The Prison Rape Elimination Act (PREA) has been getting a lot of coverage lately, and most recently in North Carolina by the largest U.S. civil rights group. Sending letters to 100 North Carolina counties about their compliance with the act, the ACLU has gotten about 75 percent response rate, and they say that’s not good enough according to this associated press news article. Twenty-three of the sheriffs in North Carolina have been silent, prompting the ACLU to calling media attention to the state in order to produce pressure to comply. Familiar with this song and dance, attorneys in San Antonio and other parts of Texas are waiting for the finale to see what implications it could have for their home state, too.
A leader of the North Carolina sheriff’s association has said it isn’t over yet: contending that the ACLU’s questions weren’t worded well – the 23 counties may actually be in compliance with PREA. Eddie Caldwell, the association’s executive vice president and general counsel reports that sheriff’s aren’t required to explain to the ACLU why counties haven’t adopted policies, and that when the ACLU asked about “new policies to comply with the new law,” they may have not factored in counties that are already in compliance, meaning there would be no new policies.

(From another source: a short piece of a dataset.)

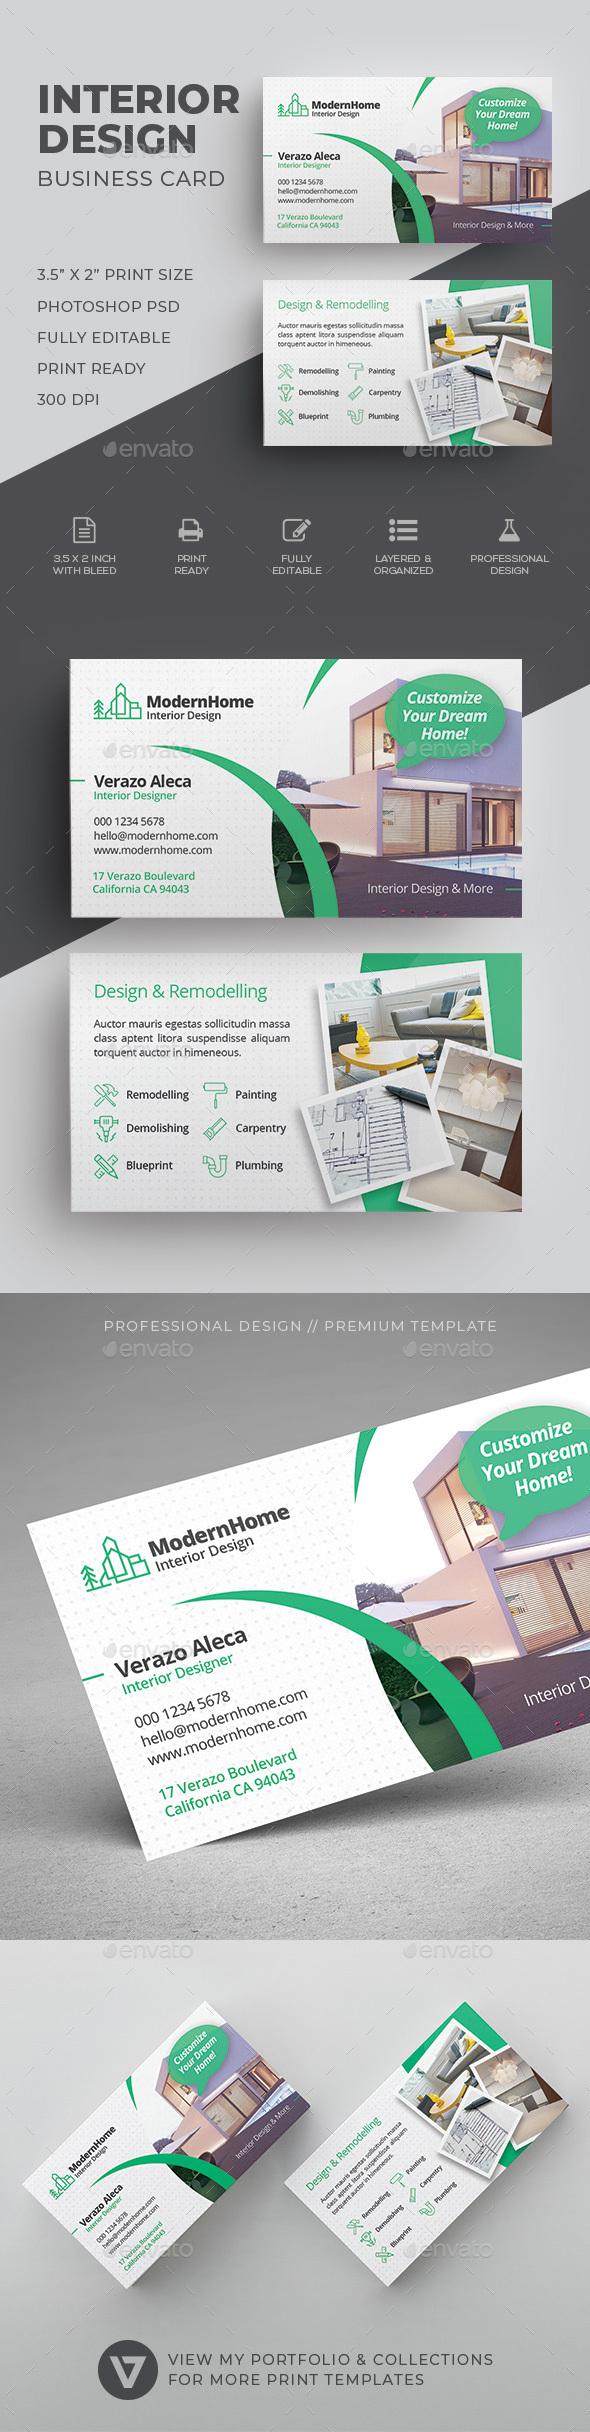 interior design business card industry specific business cards - Interior Design Business Cards

If you think this sounds like a slippery side-step, you could be in agreement with attorneys in San Antonio, Houston, and parts of Texas facing the same pressure to get in line and start moving with the new policy. Enacted in 2003, but having just finalized the rules in 2012, PREA is rising in the news for its May 15 compliance deadline, which Texas Gov. Rick Perry has publicly flouted. Attorneys in San Antonio or El Paso could be busy with cases of clients at Bexar or El Paso County jails who experience injury as a result of the state’s noncompliance with PREA—something the ACLU wants to prevent in the first place.
The follow up letter sent by the ACLU to the 23 North Carolina sheriffs “was carefully crafted to cover both current policies and any adopted because of the law,” so that the response by the sheriffs who reported that they had no records for the request was taken to mean “they’re not complying with PREA,” says ACLU Policy Director, essentially calling Caldwell’s bluff.
Legal Director for ACLU-NC Chris Brook acknowledges that the required audit and compliance policies can be expensive for detention centers—which is essentially why Texas is trying to opt out. Gov. Perry’s assertion that the PREA infringes on state’s rights was the philosophical complement to his complaint that compliance is too costly. Ironically, Texas could lose millions of federal dollars in funding for not complying, and potentially more if attorneys in San Antonio or other cities whose jails don’t comply sue the state for damages.
Besides, it shouldn’t be about the money, Brook and Preston say in their letter: “It is deeply troubling that your facility is making no efforts to comply with PREA given that this law is intended to realize the laudable goal of preventing sexual assault in jails and make reporting of assault easier for detainees.” So it is, ACLU. So it is.